图6. 对所有数据集的集成预测的定性分析。对于每个数据集(行),展示了一个有趣的失败案例,包括(从左到右的列):参考分割、集成预测和集成成员的单独预测(集成 #1 – 5),这些成员使用不同的随机种子进行训练。报告了真实的平均DSC,并附带成对DSC分数。集成预测通常对测试案例有不同的意见,特别是在发生分割错误的情况下,这导致了较低的成对Dice分数,可以视为检测到的失败(第1-4行)。然而,也有一些情况,集成对错误的分割表现出信心,这可能导致“无声失败”(最后两行)。
Table
表
Table 1Comparison of metric candidates for segmentation failure detection. Among those, AURC is the only metric that captures segmentation performanceand confidence ranking, which we find necessary for the comprehensive evaluation of a failure detection system. A detailed discussion of therequirements (R1–R3) associated with each column is in Section 2. f-AUROC uses binary failure labels. MAE: mean absolute error. PC: Pearsoncorrelation. SC: Spearman correlation
表1 分割故障检测度量候选项的比较。在这些度量中,AURC 是唯一能够同时捕捉分割性能和置信度排序的度量,我们认为这是全面评估故障检测系统所必需的。每一列相关要求(R1–R3)的详细讨论见第2节。f-AUROC 使用二进制故障标签。MAE:平均绝对误差。PC:皮尔逊相关系数。SC:斯皮尔曼相关系数。

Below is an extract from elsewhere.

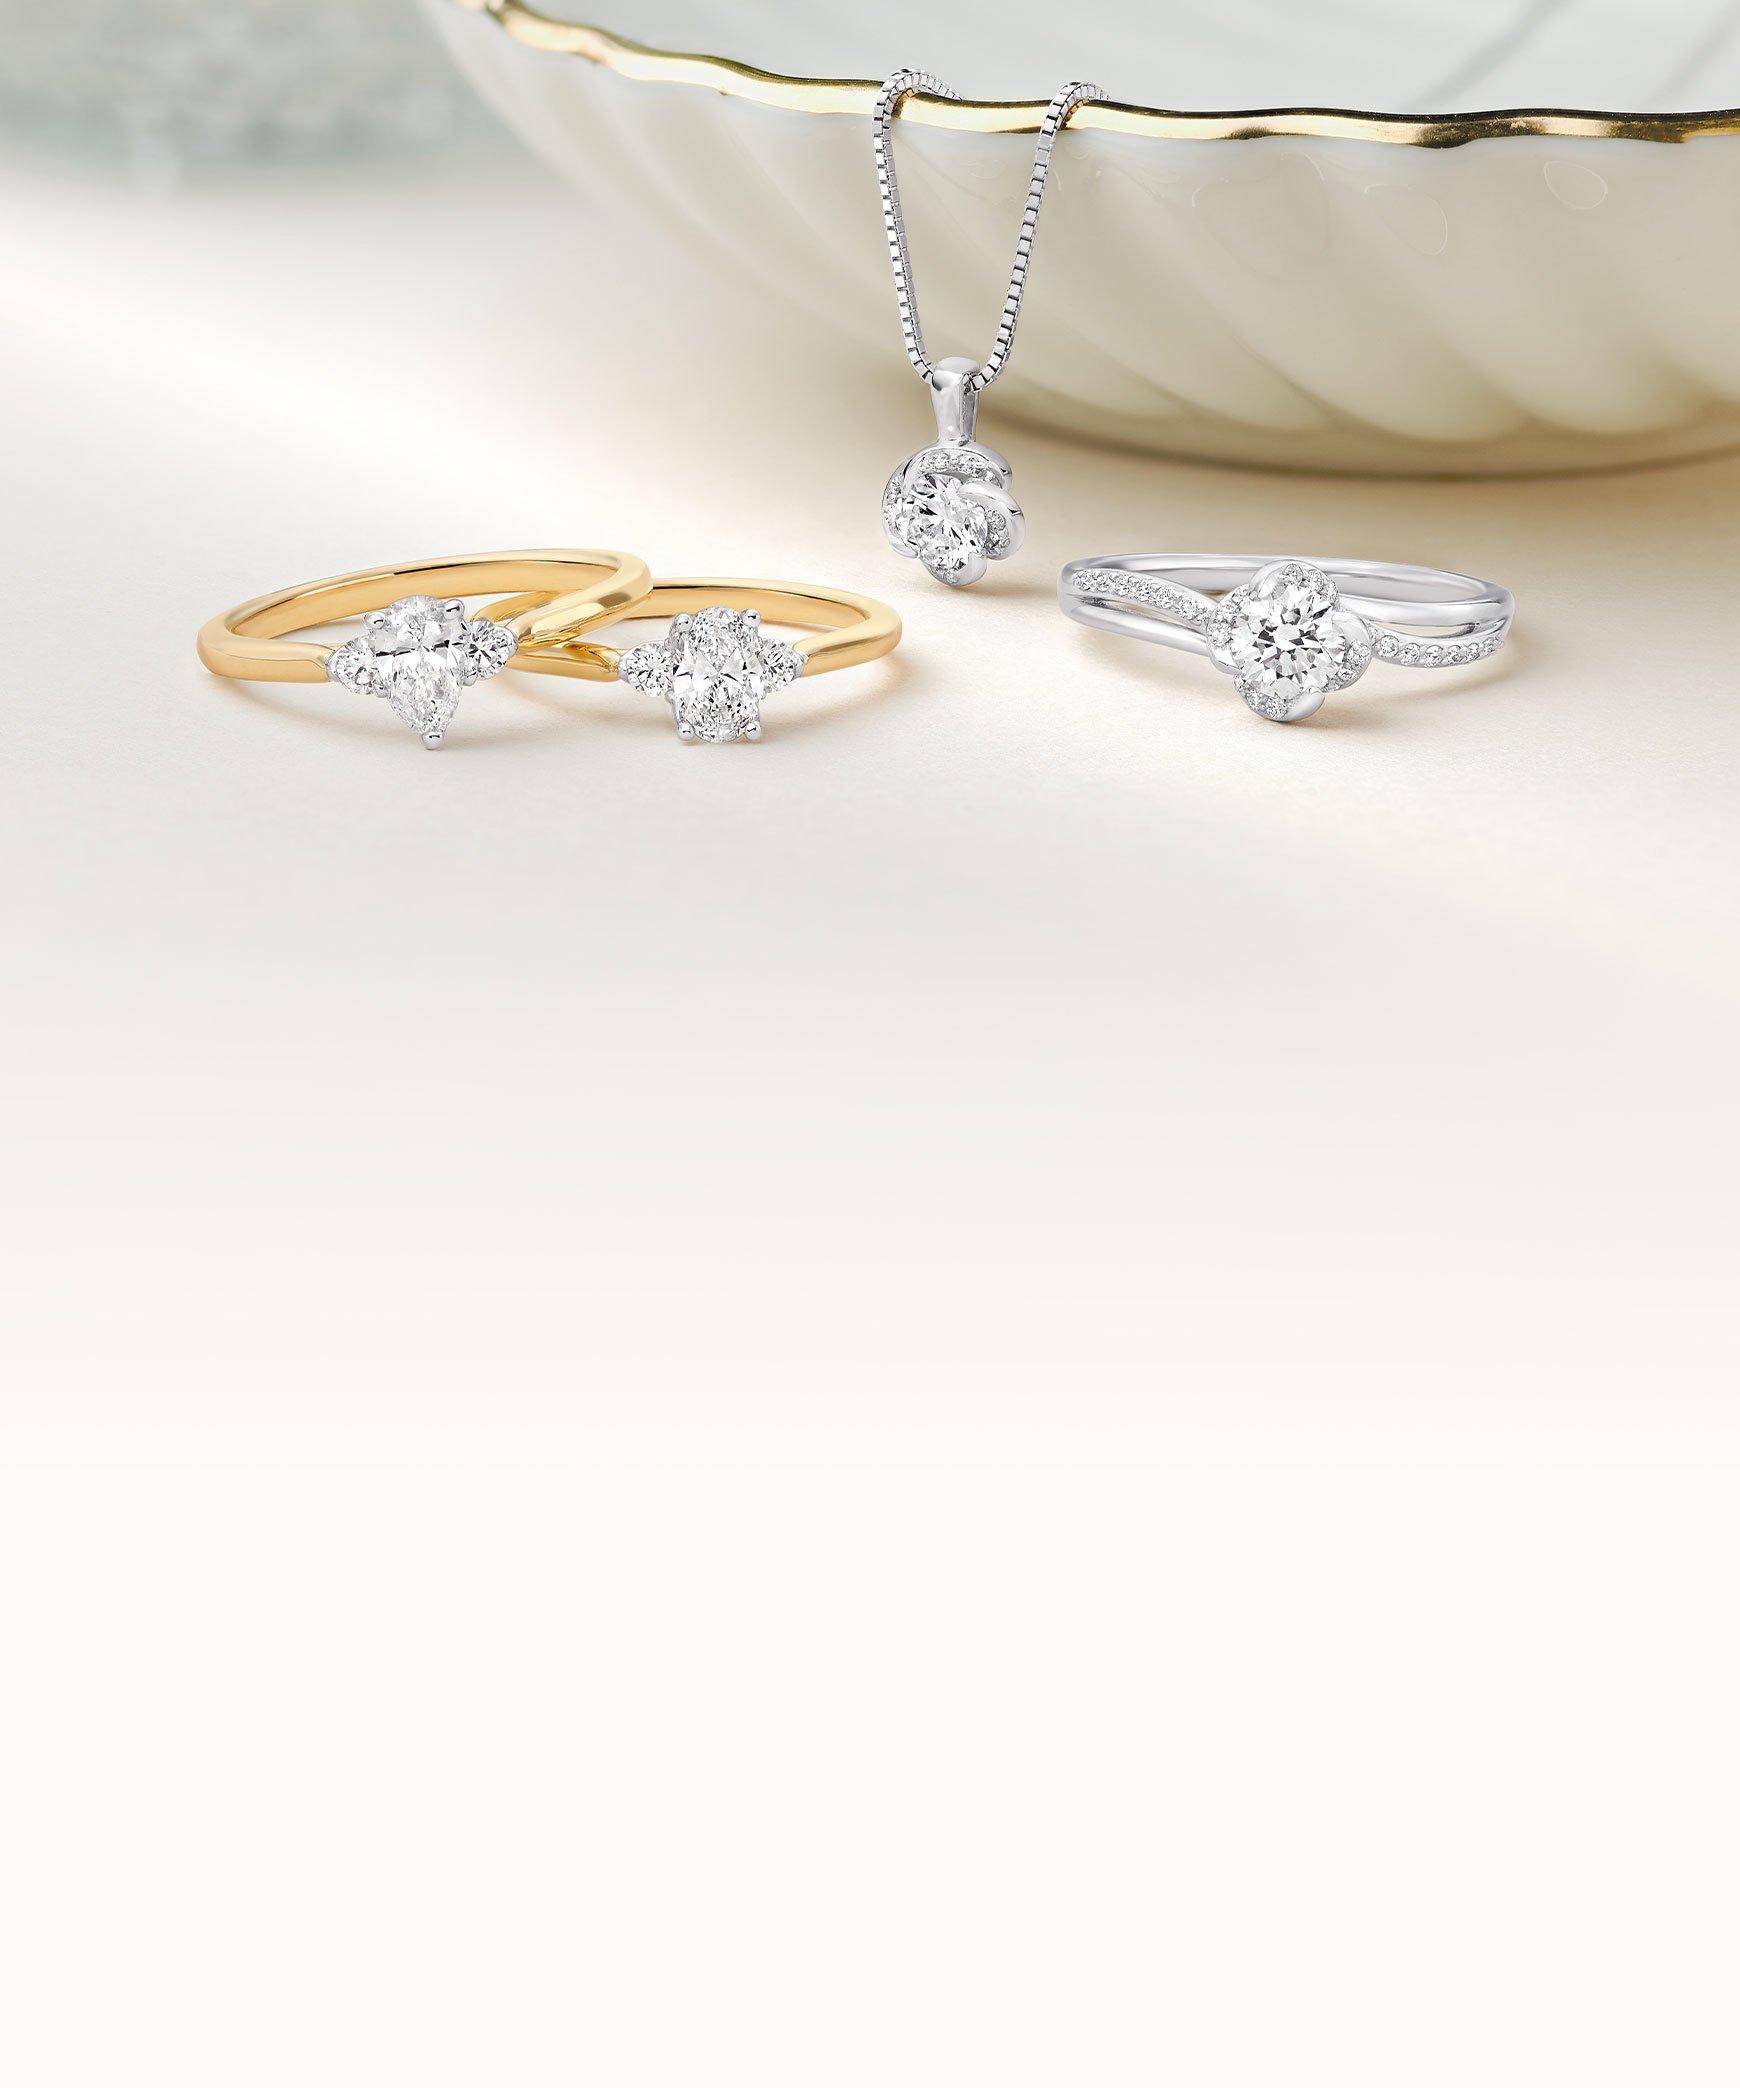 White gold diamond rings from the Maple Leaf 'Wind's Embrace' collection.

Table 2Summary of datasets used in this study. The #Testing column contains case numbers for each subset of the test set separated by a comma, starting with the in-distribution testsplit and followed by the shifted ‘‘domains’’. The number of classes includes one count for background.
表2 本研究中使用的数据集总结。#Testing 列包含测试集每个子集的案例数,用逗号分隔,从分布内测试拆分开始,后面是“域”变化的测试。类别数量包括背景的计数。